There is paucity of information regarding the burden of morbidity carried by survivors of HSCT performed in childhood. In particular, there exists very few data on the morbidity and mortality associated with HSCT-related conditioning and GVHD that is above and beyond the well-documented risk related to conventional therapy.^10-13  In the current study we address this gap in knowledge by using 2 unique resources of childhood cancer survivors, the Childhood Cancer Survivor Study (CCSS: conventionally treated patients) and the Bone Marrow Transplant Survivor Study (BMTSS: children treated with HSCT) to understand the individual and independent contribution of pre-HSCT therapeutic exposures, conditioning-related exposures, and GVHD in the development of adverse health outcomes in long-term HSCT survivors.

CCSS is a multiinstitutional cohort of 5-year survivors of cancer diagnosed between 1970 and 1986 at age ≤ 21 years. The current study included CCSS participants with AML, ALL, HL, and NHL treated conventionally (ie, without HSCT). Fourteen percent were lost to follow-up, and the study participation rate was 70% for the remaining eligible patients. BMTSS examined long-term outcomes in patients undergoing HSCT between 1974 and 1998 at City of Hope or University of Minnesota. Recognizing differences in baseline eligibility criteria between CCSS and BMTSS, we limited BMTSS participants to those < 21 years of age at diagnosis of a hematologic malignancy; who had survived ≥ 5 years from their primary diagnosis; who had undergone HSCT within 3 years of diagnosis; and who were ≥ 2 years from myeloablative HSCT. Sixteen percent were lost to follow-up, and the study participation rate was 60% for the remaining eligible patients. To allow for comparisons with a noncancer population, a random sample of CCSS survivors were asked to identify a nearest-age living sibling to be included in the study. All study participants provided written informed consent for participation in the study in accordance with the Declaration of Helsinki, and the study was approved by the St. Jude Research Hospital institutional review board. Detailed descriptions of the CCSS^14,15  and BMTSS¹⁶  study designs have been reported previously. Study materials for the CCSS, including questionnaires and treatment abstraction forms, are available at http://ccss.stjude.org.

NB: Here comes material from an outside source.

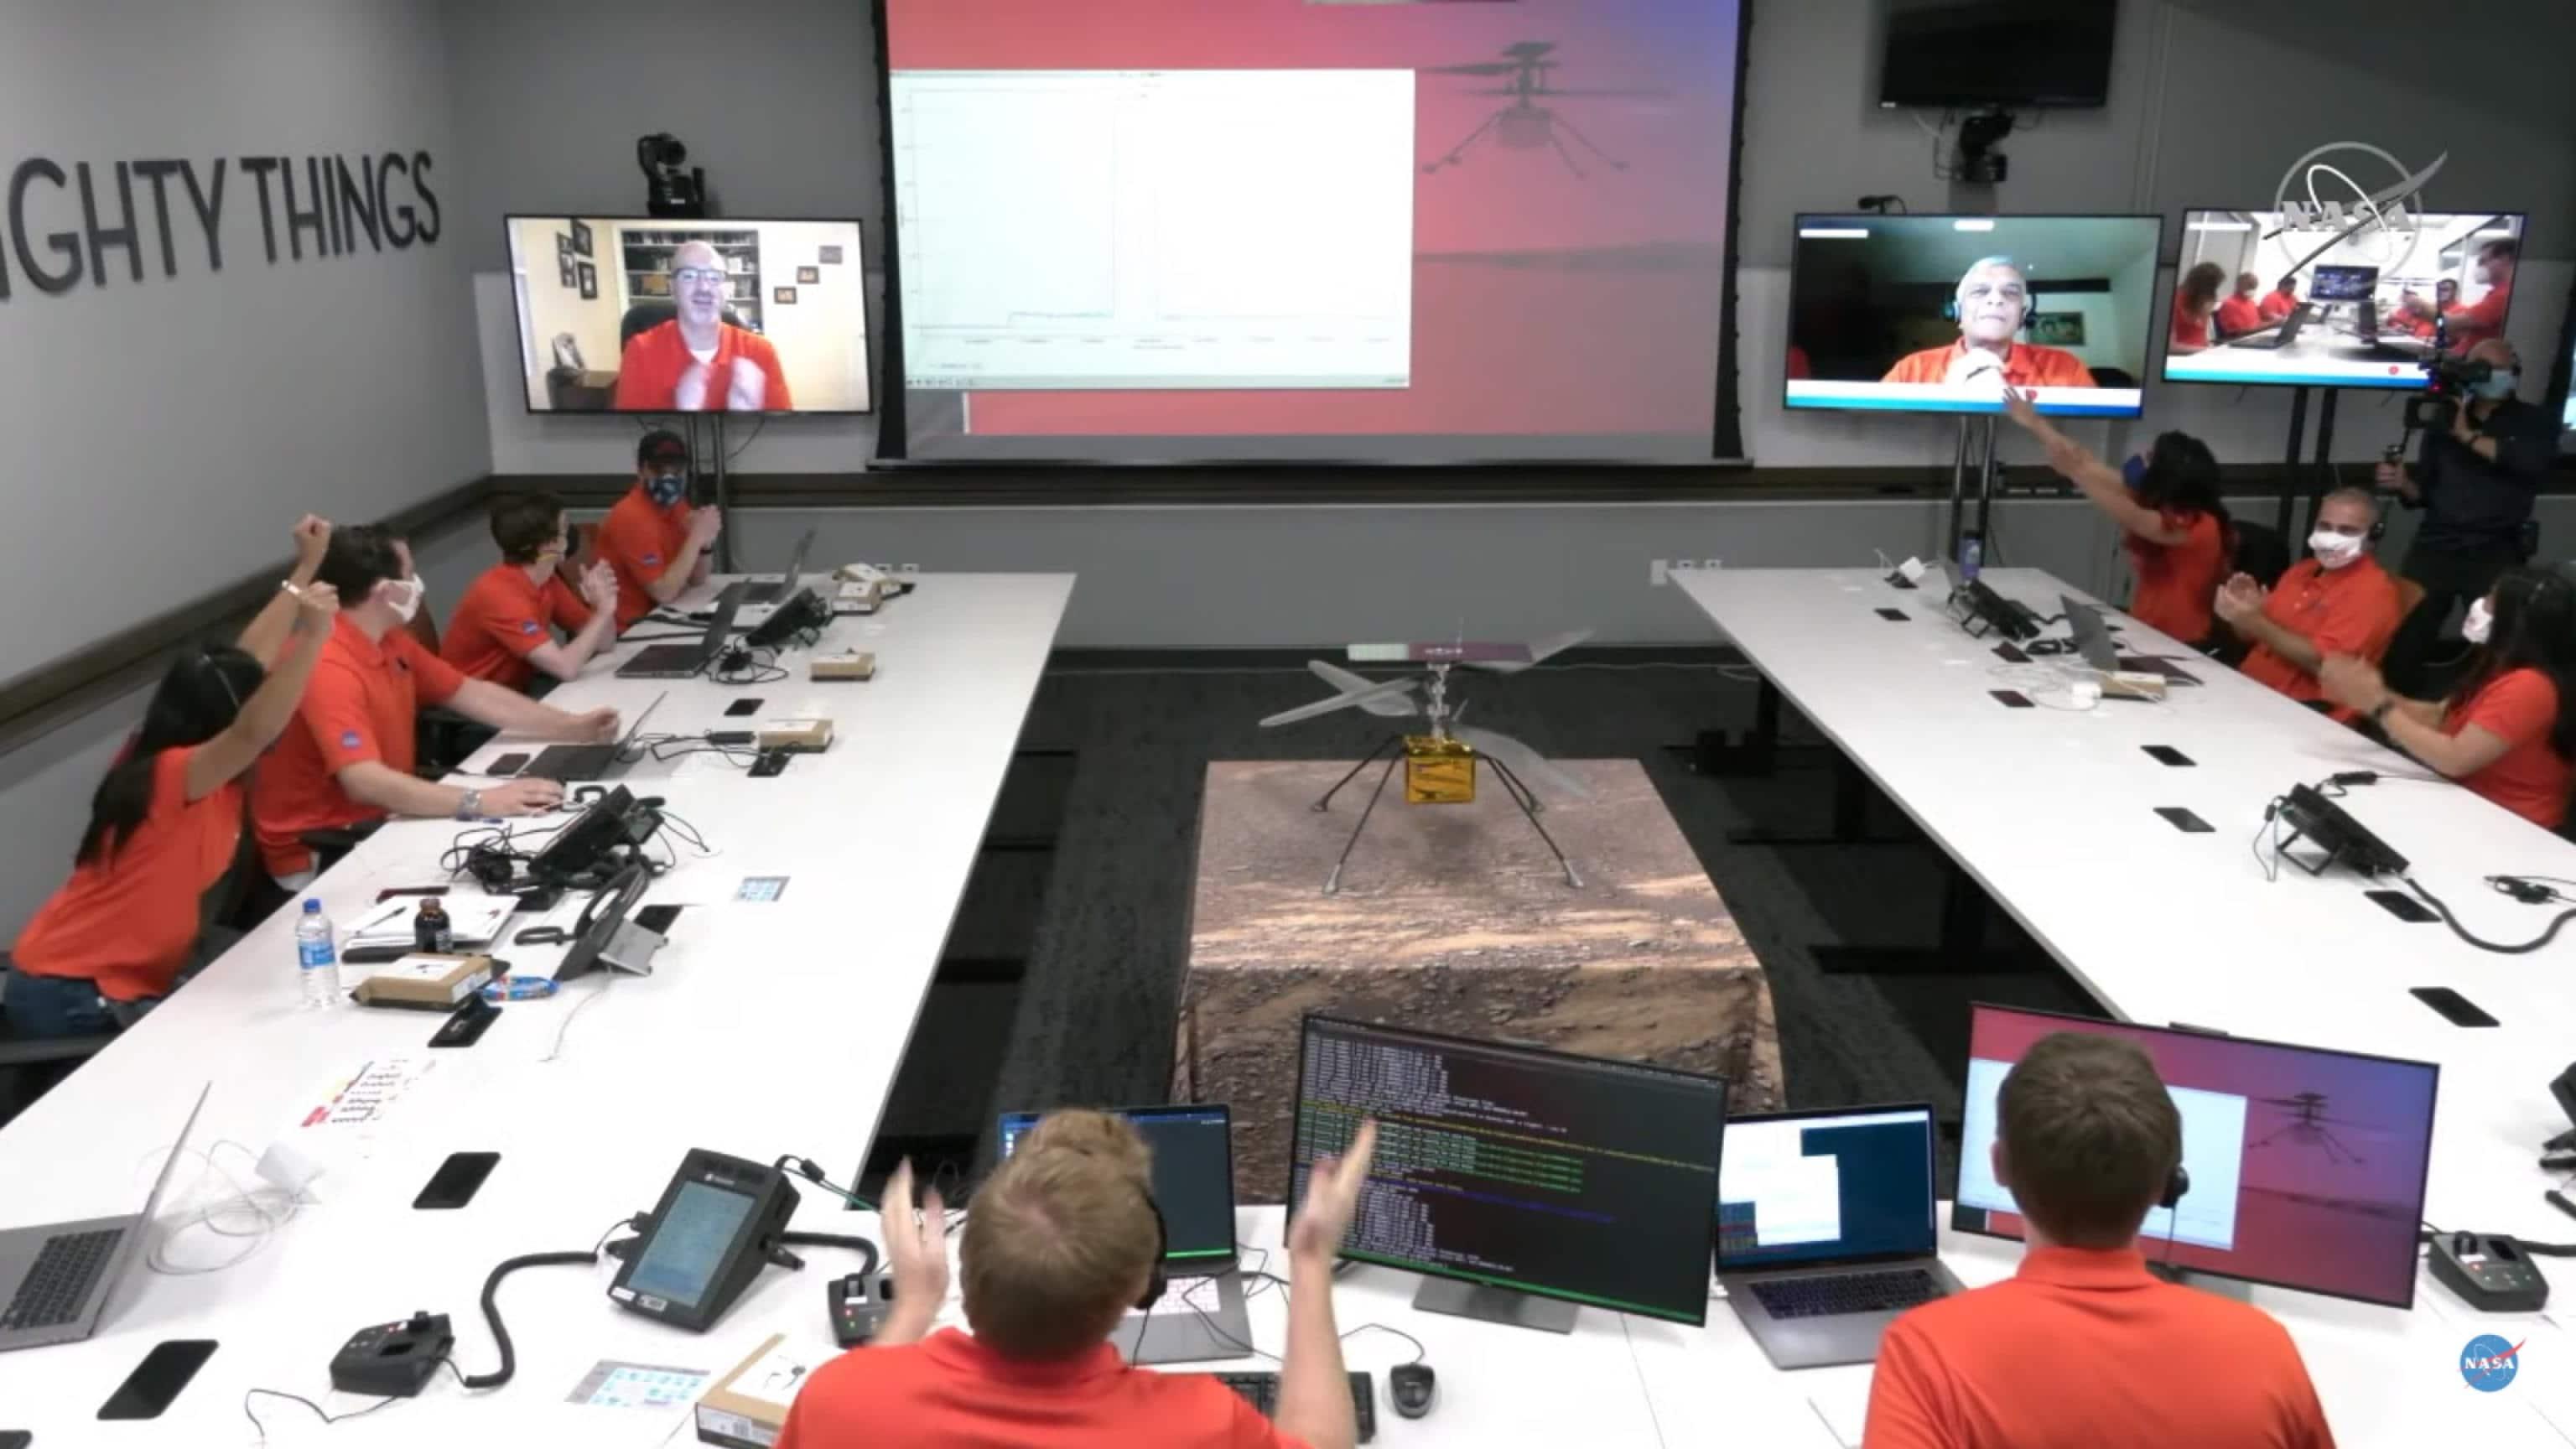 Il team della Nasa che ha seguito il volo di Ingenuity festeggia dopo il successo della missione (Foto tratta da uno screen del video pubblicato su Twitter dalla Nasa)
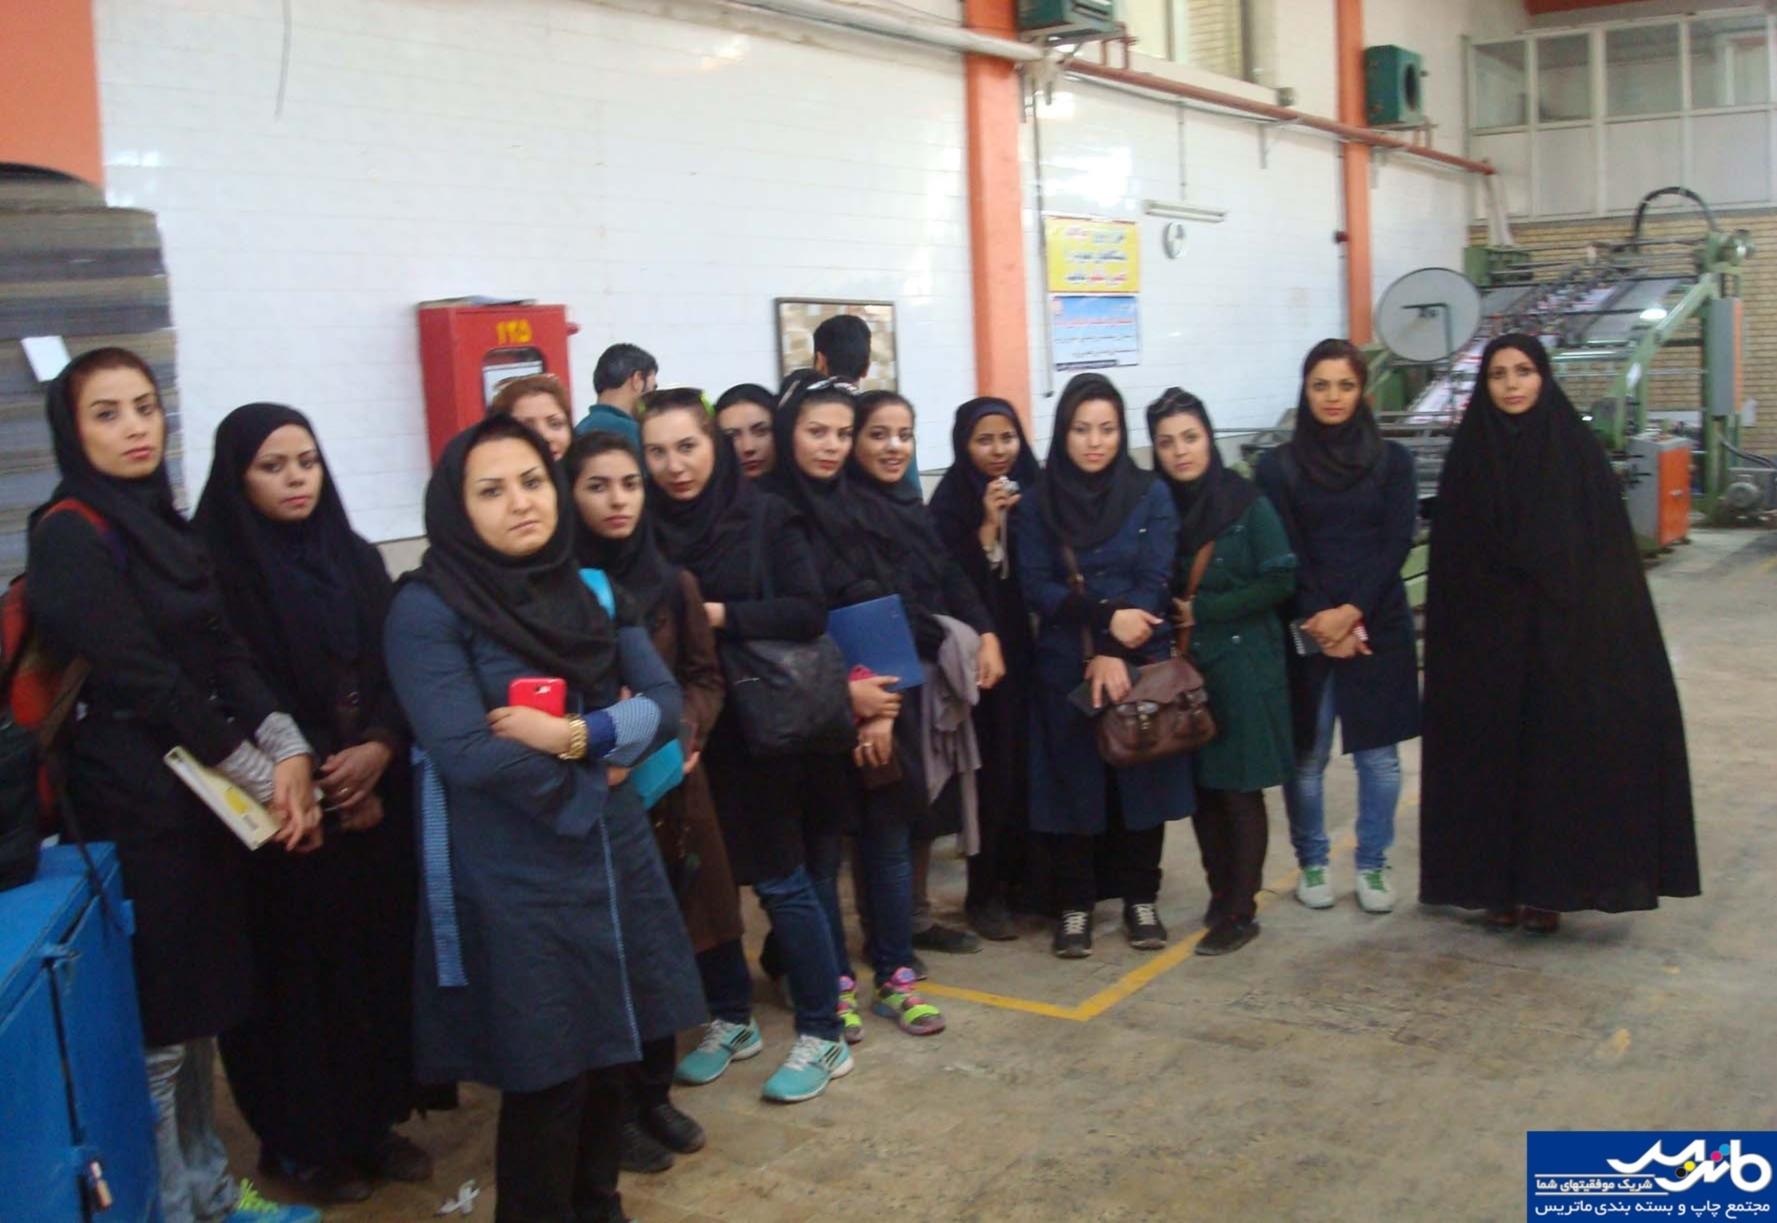 دانشجویان دانشگاه های اصفهان- پائیز92

Information related to sociodemographic and clinical characteristics, including age at diagnosis and participation, sex, race/ethnicity, and primary diagnosis, were obtained from the CCSS and BMTSS databases. The BMTSS cohort was also characterized in terms of stem cell source (autologous, related or unrelated donor), disease status at HSCT (first complete remission [CR1], all others), and history of GVHD. The presence or absence of active chronic GVHD in the preceding 12 months was self-reported.

Treatment summaries were generated from medical records for the CCSS and BMTSS cohorts and included detailed information regarding chemotherapy, radiation, and surgery.¹⁰  For BMTSS participants, treatment-related exposures were categorized as pre-HSCT exposures (corresponding to the entire treatment experience of the CCSS cohort) and HSCT-related exposures. HSCT-related exposures included conditioning regimens, prophylaxis and management of GVHD, and post-HSCT therapeutic exposures (in the event of disease recurrence).

All study participants (BMTSS and CCSS survivors and siblings) completed a nearly identical questionnaire that covers the following general areas: questions regarding diagnosis by a health care provider of physical health conditions (endocrinopathies, CNS compromise, cardiopulmonary dysfunction, gastrointestinal and hepatic sequelae, musculoskeletal abnormalities, and subsequent malignancies), along with age at diagnosis; access to and use of medical care; and sociodemographic characteristics (race/ethnicity, education, marital status, employment, household income, and insurance). The BMTSS questionnaire also asked questions about the diagnosis and extent of chronic GVHD and presence of active GVHD within the past 12 months of study participation. The reliability and validity of the BMTSS questionnaire have been tested by researchers, ¹⁷  who have confirmed that survivors are able to report the occurrence of adverse health conditions with accuracy.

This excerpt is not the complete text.